'Kate Manne is the Simone de Beauvoir of the 21st century'
Amanda Marcotte
'I want to press this book on every schoolgirl who thinks that feminism is uncool, any woman who thinks the most important gender battles are won, pretty much every man I know, and say, have you thought about this?'
Sophie McBain, New Statesman
Male entitlement takes many forms.
To sex, yes, but more insidiously to admiration, bodily autonomy, knowledge, power, even care.
In this urgent intervention, philosopher Kate Manne offers a radical new framework for understanding misogyny.
In clear-sighted, powerful prose, she ranges widely across the culture to show how the idea that a privileged man is tacitly deemed to be owed something is a pervasive problem.
Male entitlement can explain a wide array of phenomena, from mansplaining and the undertreatment of women's pain to mass shootings by incels and the seemingly intractable notion that women are 'unelectable'.
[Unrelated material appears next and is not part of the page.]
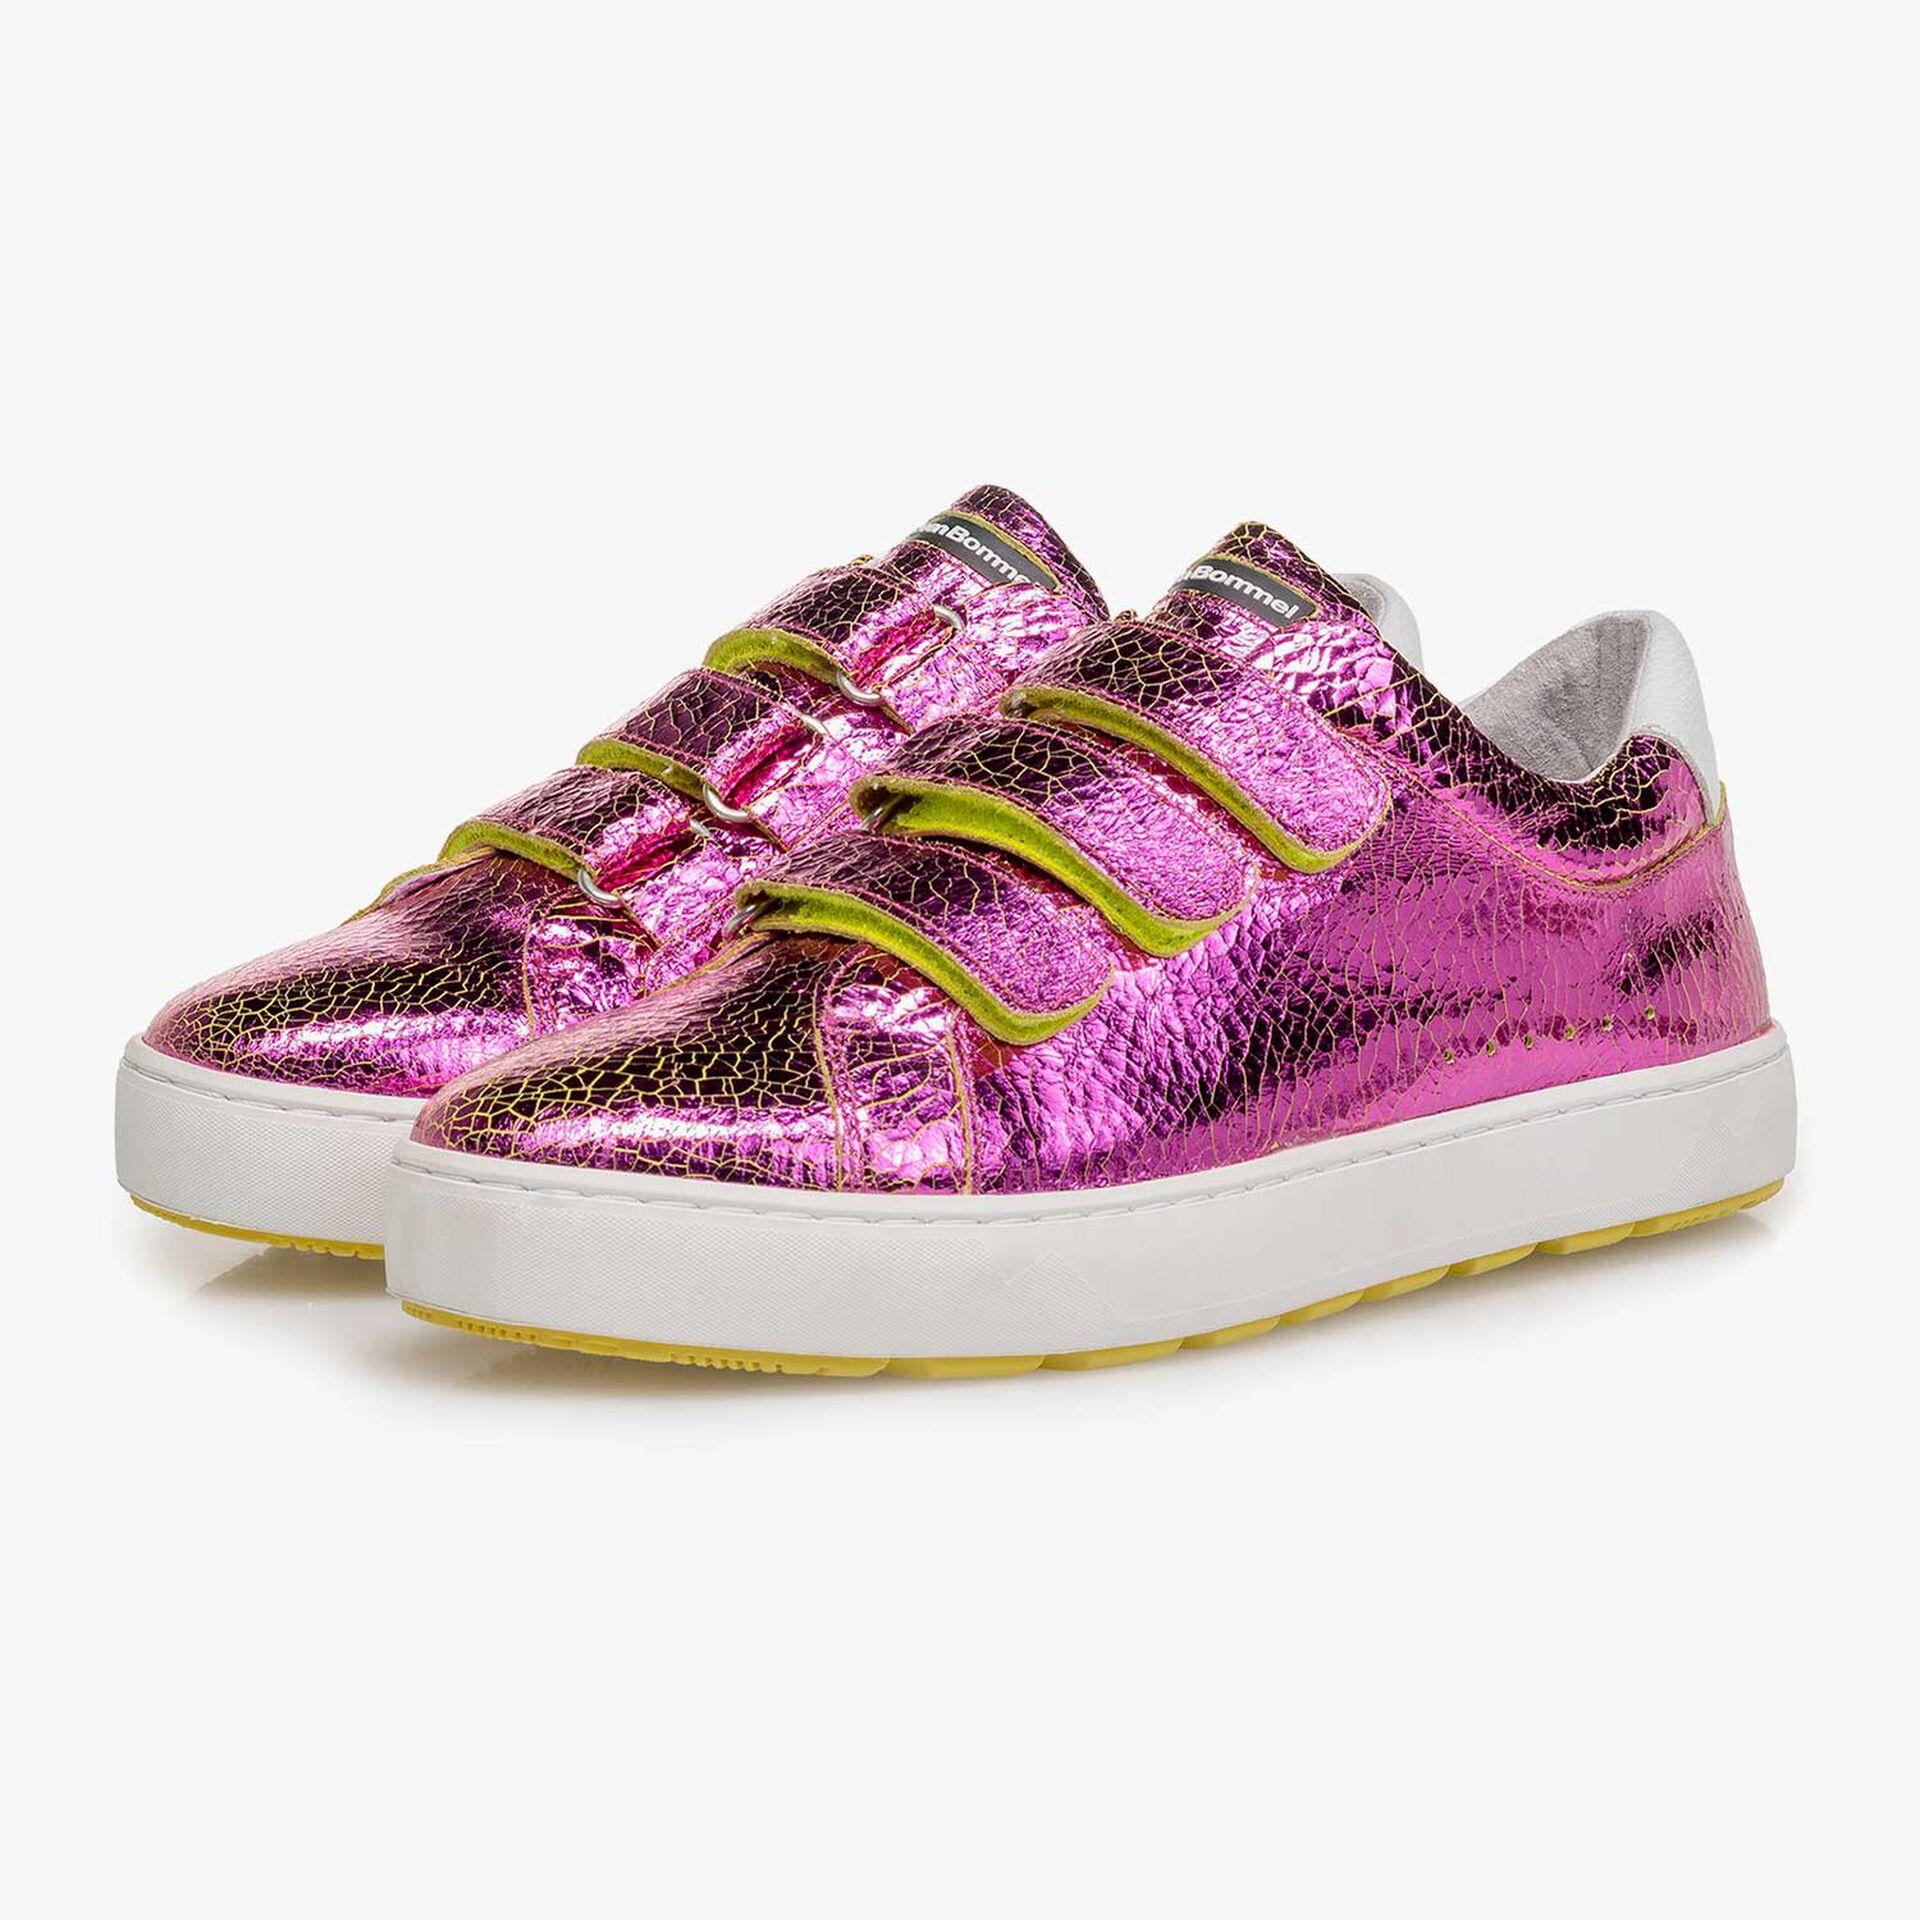 Rosa Metallic Leder-Sneaker mit Craquelé-Effekt

The consequences for girls and women are often devastating.
As Manne shows, toxic masculinity is not just the product of a few bad actors; we are all implicated, conditioned as we are by the currents of our time.
With wit and intellectual fierceness, she sheds new light on gender and power and offers a vision of a world in which women are just as entitled as men to be cared for, believed and valued.